Interesting but shoddy piece in yesterday's NYT about the "side deals" in the News Corp - Dow Jones deal whereby News Corp agreed to pay the sellers' banking and legal fees (totalling some $40M). Quoting several disgruntled Dow Jones investors and putative bidders, the article questions whether this side deal - and past banking and legal relationships between the parties - caused the advisors to give Dow Jones less-than-objective advice in pushing for a deal.
For starters, the entire thesis of this article is specious: Bankers, and firms like Wachtell that usually only bill for M&A work when a deal closes, ALWAYS have an incentive to see the deal get completed. ALWAYS. A seller asking for an 11th-hour concession (and one that here, at .7% of deal value, represented no more than a mere lagniappe in the context of the transaction) makes no difference in this dynamic. The sellers got a better deal by $40M - bully for them, and good for the advisors in obtaining it. They also got a 67% premium in the face of buyer perception that Bancroft family issues would make for a very difficult transaction.
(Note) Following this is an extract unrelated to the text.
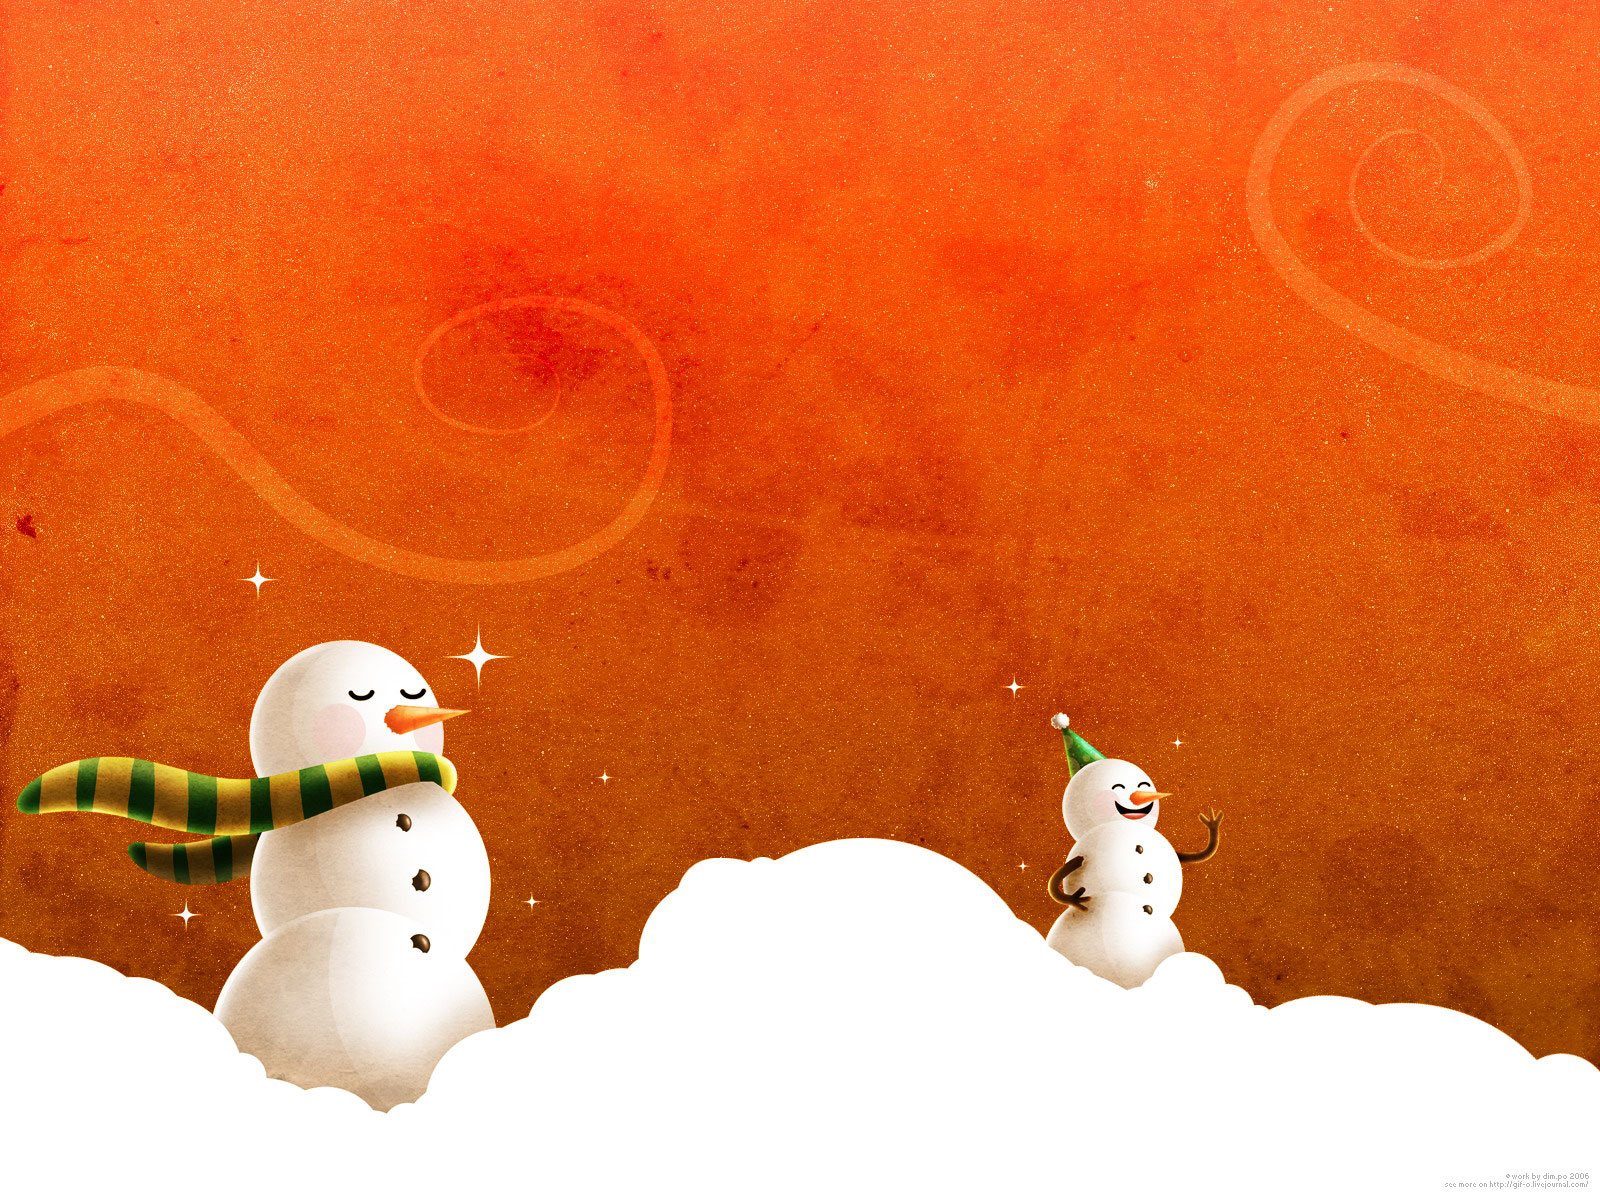 http://4.bp.blogspot.com/-nnmM_rPJJ4o/TtvN-JtnG2I/AAAAAAAADcI/6KV39jIfPFI/s1600/christmas-snowman-wallpapers-and-powerpoint-backgrounds-pictures-8.jpg
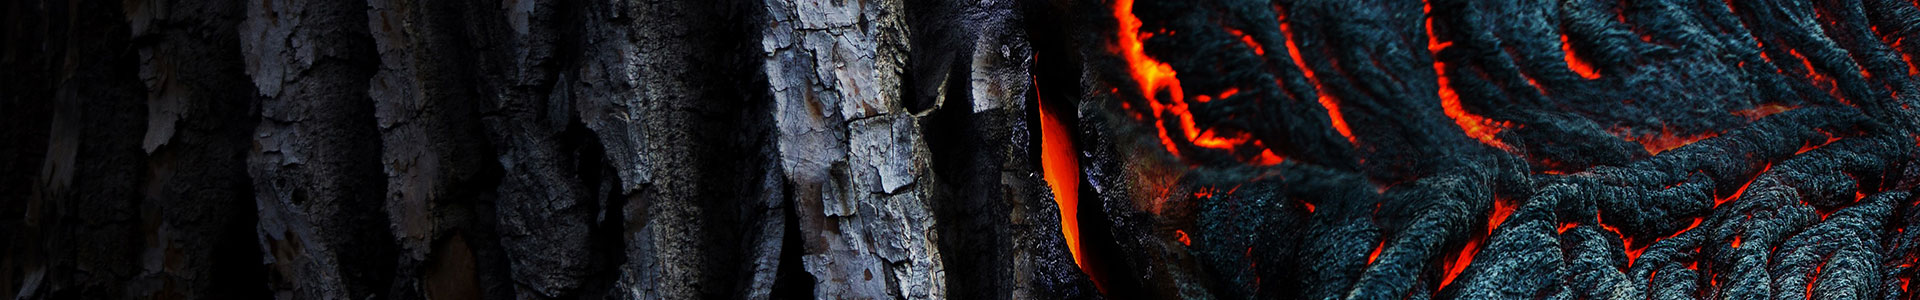 bois brulé et bois en flamme de l'intérieur-combustion-co-monoxyde de carbone

That said, these folks are professionals who know far too well they value of their reputations and the need to be perceived as providing objective advice on whether to proceed with a deal. Given just how good this deal was for DJ investors, there's little need for them to defend their conduct. I would also observe that Wachtell, in representing DJ and all of the craziness involved in this deal with the Bancoft family, is not likely being overpaid in collecting $10M.